What is expected
Please repeat only the lines below starting at the line that holds "Chung Shi Comfort" and ending at the line that holds "Pemandangan Alam Dengan", exactly, with both of those lines included and every picture omitted.

Exercise data

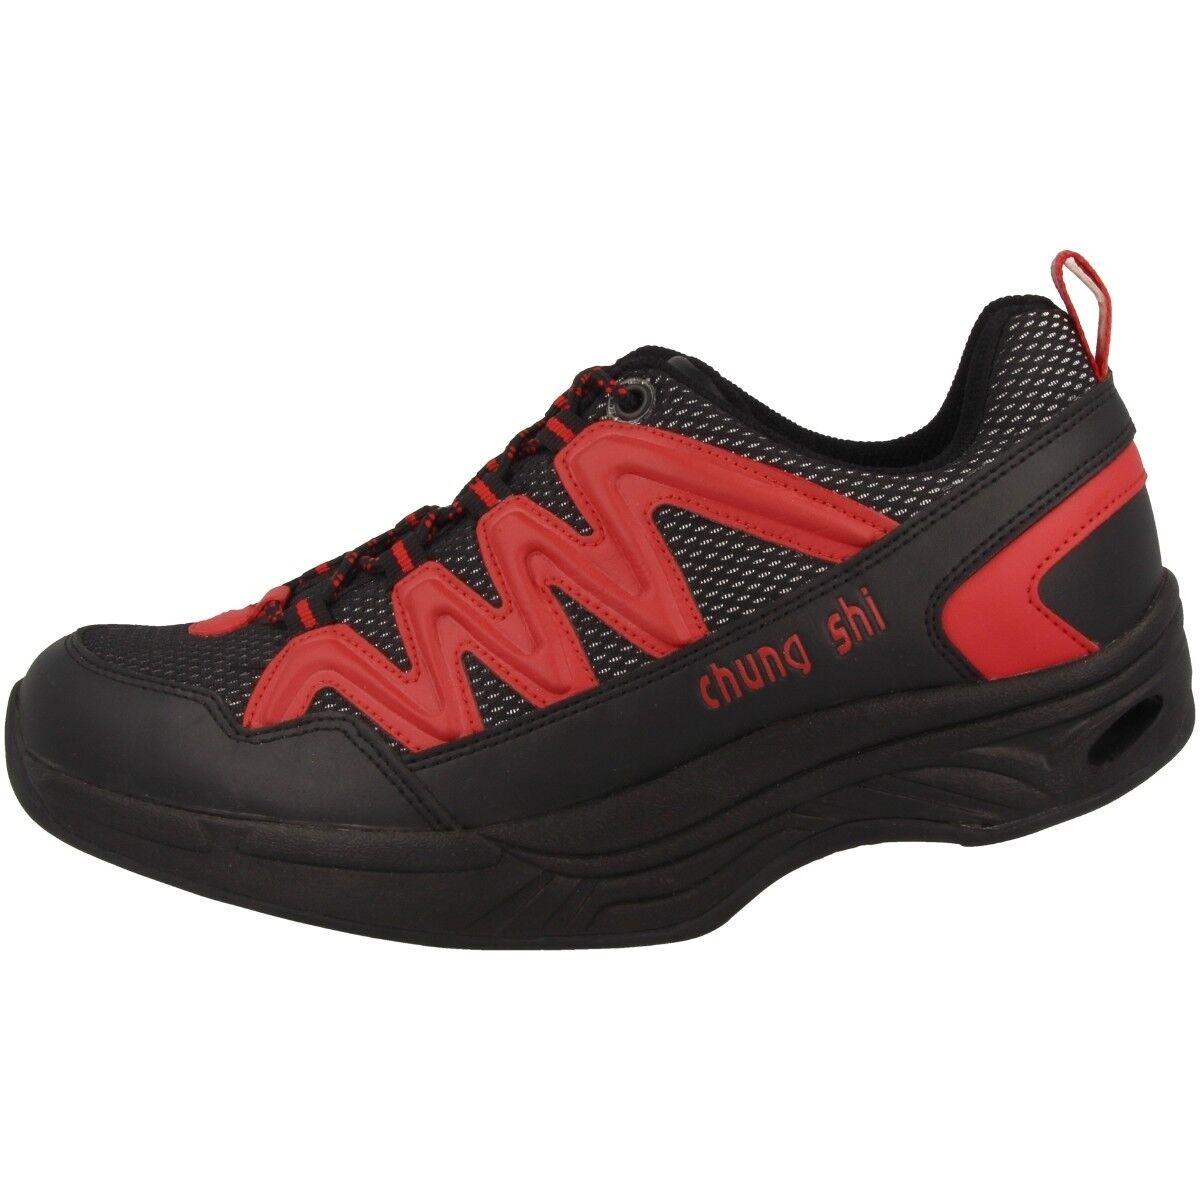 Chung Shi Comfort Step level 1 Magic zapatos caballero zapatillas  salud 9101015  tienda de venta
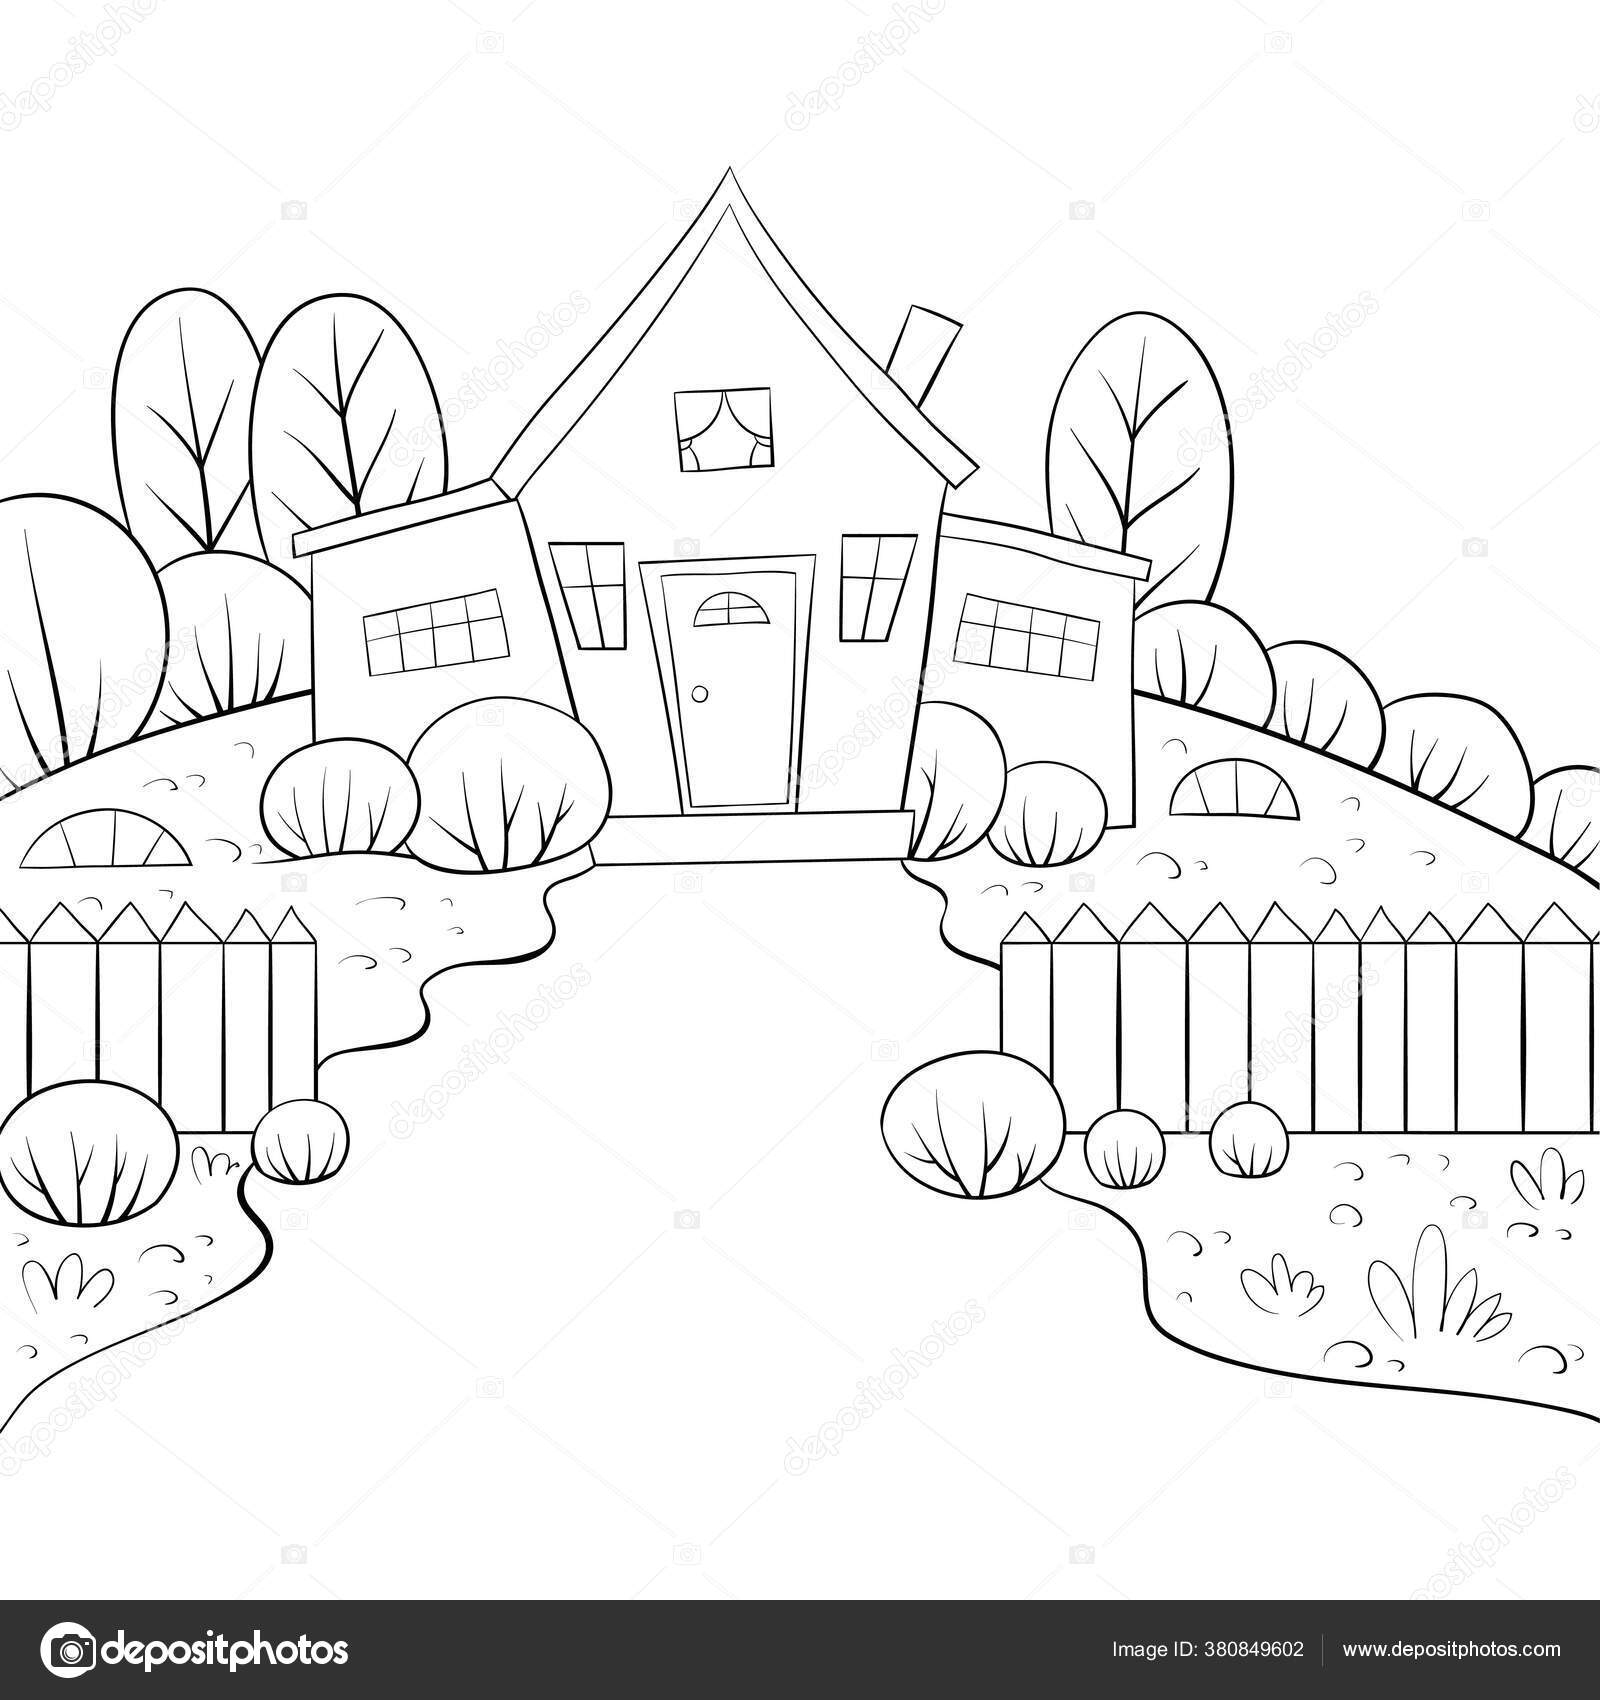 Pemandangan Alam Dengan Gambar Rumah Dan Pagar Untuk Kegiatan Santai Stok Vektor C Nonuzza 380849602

--

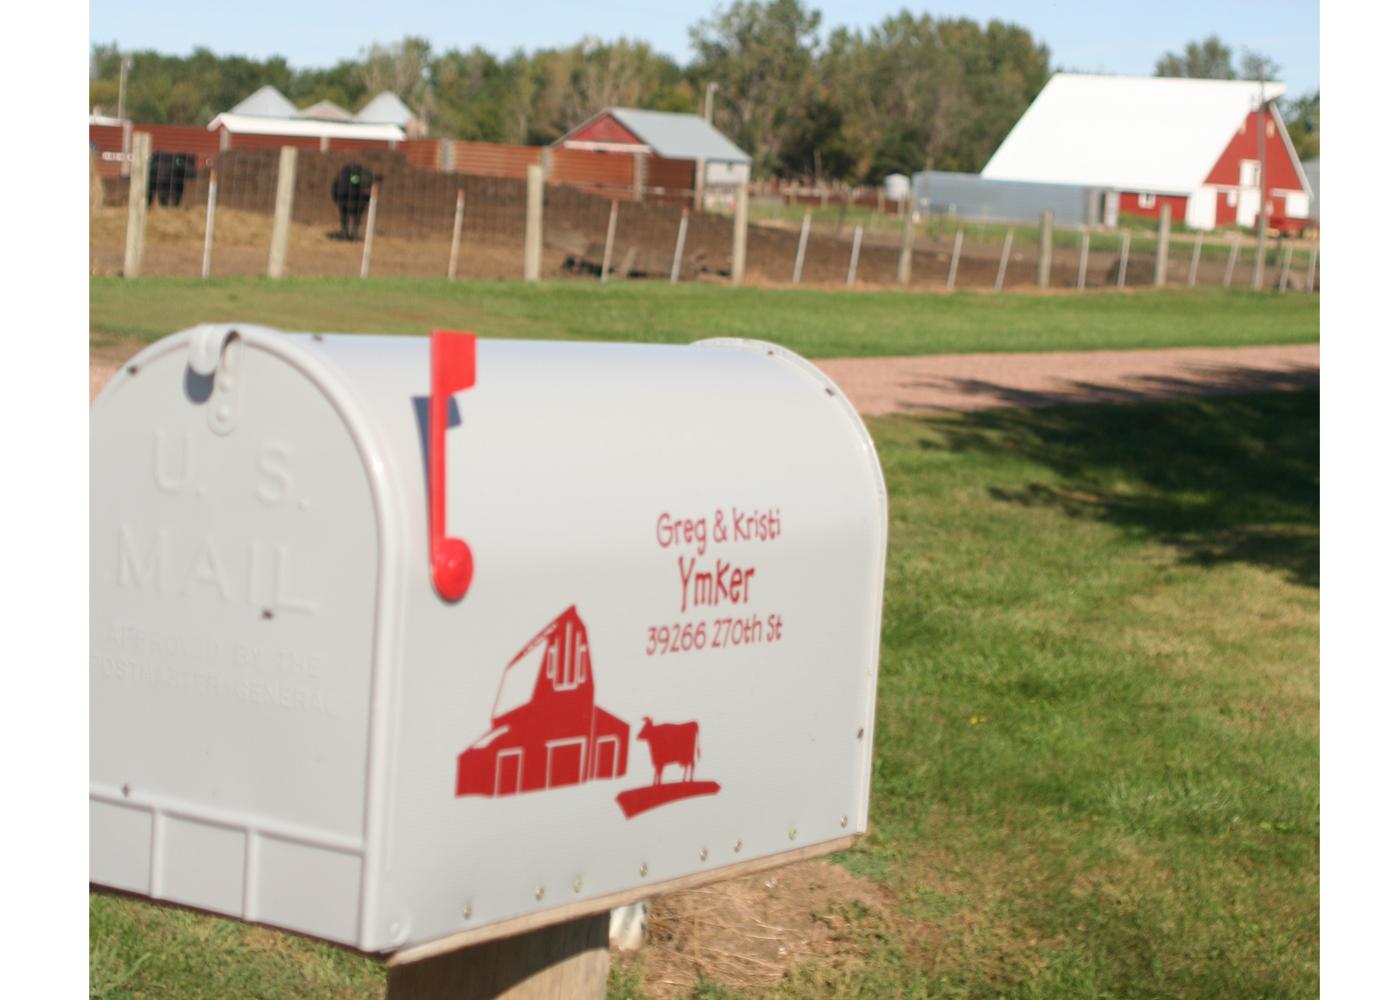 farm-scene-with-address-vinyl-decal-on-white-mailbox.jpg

Solved exercise
 Chung Shi Comfort Step level 1 Magic zapatos caballero zapatillas  salud 9101015  tienda de venta
 Pemandangan Alam Dengan Gambar Rumah Dan Pagar Untuk Kegiatan Santai Stok Vektor C Nonuzza 380849602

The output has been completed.